Alors que la majorité de mes clients ronchonnaient à l’idée que je dépense mon temps à un procédé de reliure en série et en plastique plutôt qu’aux reliures originales sur les livres qu’ils me confiaient, Hubert a, au contraire, joué rapidement deux cartes d’atout : trésorier des Amis de la Bibliothèque Nationale, il a convaincu cette assemblée qu’il fallait financer le moule de la BnF et, dans un deuxième temps, m’a commandé son moule personnel, afin de relier, à un prix raisonnable, tous les livres en sa possession dont la valeur vénale ne méritait pas une reliure trop coûteuse.
Avec quelques autres, à vrai dire peu nombreux, il encourageait cette conception de la reliure de A à Z, de la reliure ordinaire jusqu’à la reliure originale, folle, excentrique, unique. Qui pourrait croire qu’un cuisinier étoilé ne met pas aussi tout son génie à faire frire un œuf sur le plat?
Il est facile d’entendre que l’on travaille mieux et avec le plus de plaisir pour ceux qui vous étourdissent de telles marques de sympathie. Ce fut le cas avec Hubert.
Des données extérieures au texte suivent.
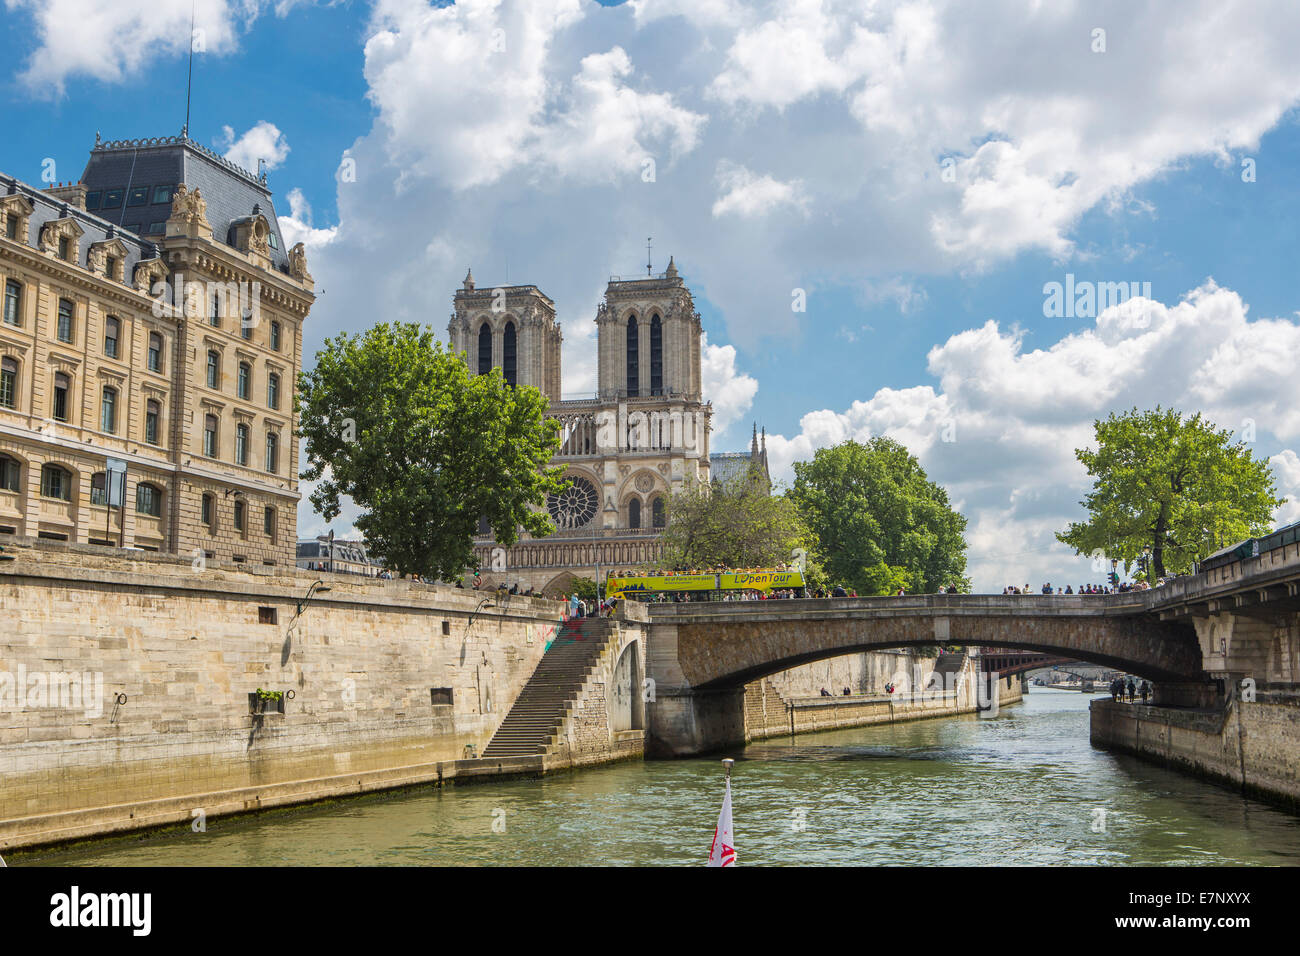 Cathédrale, Ville, France, Notre Dame, Paris, architecture, pont, cite, centre-ville, la Seine, le tourisme, voyages Banque D'Images

Lors de ses visites fréquentes à l’atelier ou des nombreux dîners auxquels il me conviait, notre amitié se renforça et se joignit à celle de sa chère Gina qui avait, elle aussi, les bras largement ouverts. Je réalisais, durant ces moments passés ensemble, et souvent bien arrosés, à quel point ce "banquier" avait un formidable talent de comédien, de conteur, et comme sa grande fantaisie débordait largement sa collection de livres.
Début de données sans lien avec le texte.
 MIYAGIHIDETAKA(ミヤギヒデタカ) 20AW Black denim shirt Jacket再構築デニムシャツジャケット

Soit dit en passant, c’est certainement Hubert qui a converti les bibliophiles à un intérêt plus prononcé pour les exemplaires avec envoi qui constituent l’essentiel de sa collection. À lire entre les lignes de ces envois, Hubert peut vous apprendre, d’une manière très pédagogique, la force d’une liaison, entre qui et qui, où, et à quel moment…
La reliure de Jean de Gonet qui revêt le Nadja de Breton, conçue en 1989 pour le bibliophile, est l’une des créations les plus iconiques du relieur ; elle reprend le relief de plaques anti-dérapantes, décliné sur un précieux veau poli à l’agate. Une autre réussite exemplaire est celle du Château d’Argol de Gracq, réalisée en 1991, en veau imprimé d’un monotype bleu. Citons encore deux très beaux Cocteau, ainsi que deux « reliures en biais », en médium verni et en cuir faussement tressé.
On connaît aussi de Jean de Gonet ses reliures en Revorim, un polyuréthane épais, résistant à l'usure, et moulé. Ce procédé de fabrication en série permet de produire des reliures moins onéreuses, homogènes, mais tout de même personnalisées. Entre 1985 et 1999, l’artisan a réalisé 13 moules différents, dont le premier fut créé pour le Centre Pompidou.
Il a personnalisé des moules pour seulement quatre institutions ou particuliers, : la Bibliothèque nationale, la Bibliotheca Wittockiana, Chanel — et son ami Hubert Heilbronn. Ce moule Heilbronn fut créé en 1989; il reproduit l’ex-libris du bibliophile, inspiré d’une étiquette d’écolier, et mettant en exergue, au milieu de divers gaufrages, un porte-plume à l’ancienne.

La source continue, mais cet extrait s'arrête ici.